# Change server from IP adress to name?



## Darkfox3393 (Jan 4, 2006)

Hello!
I am using Abyss Web server and windows 98se. I was wondering if there was a way for me to use a name instead of my IP adress as my website URL. Or at east a cover to let people connect to my IP adress through a name. Is this possible? Let me know if more information is needed.


----------



## DumberDrummer (Oct 27, 2003)

yes, you can go to dyndns.org and sign up for a subdomain there. 

You can point it at your IP address, and even get a program to update it automatically if its not a static IP. 

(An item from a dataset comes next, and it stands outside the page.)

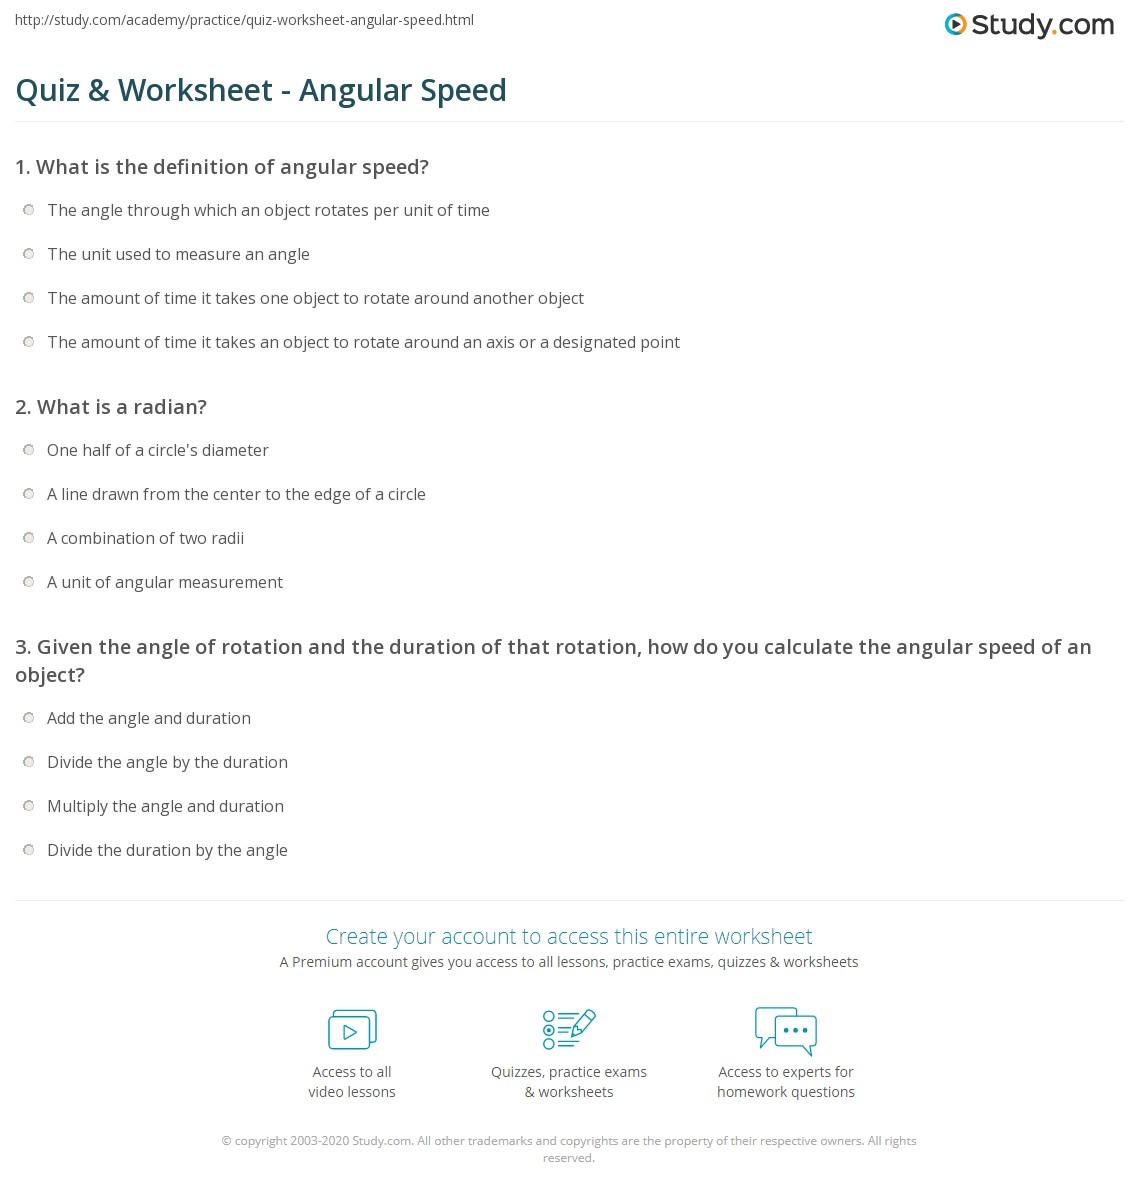 Quiz & Worksheet - Angular Speed   Study.com

For instance, you could get darkfox.dyndns.org, and then when someone types that in the address bar, it will connect to your IP, and thus your webserver.


----------



## Darkfox3393 (Jan 4, 2006)

Hmm... ok. But no way to make it a custom URL such as darkfox.fire or along those lines? 

Thanks for the help though. I will be using the information you provided.

Oh and erm...I know everyone hates it when poeple say this, but I would prefer it to be free. Heh. Thanks again.


----------



## DumberDrummer (Oct 27, 2003)

Dyndns.org is free...

there is the option to get a domain name that does the same thing, but that costs money. (Around 10 bucks a year.) If you got a domain name, you could use zoneedit.com to point to your server.

I would go with the free dyndns service though.


----------



## Darkfox3393 (Jan 4, 2006)

Ah it is free (sorry hadn't checked it out thoroughly). Ok well it'll work. I used selfip.com. Some of the available free subs seemed....odd. heh. Thanks for the help though. Solved my problem. .


----------



## DumberDrummer (Oct 27, 2003)

Glad to be of assistance. Just come on back if you need help with anything else... it gets lonely in this part of the forum sometimes :grin:


----------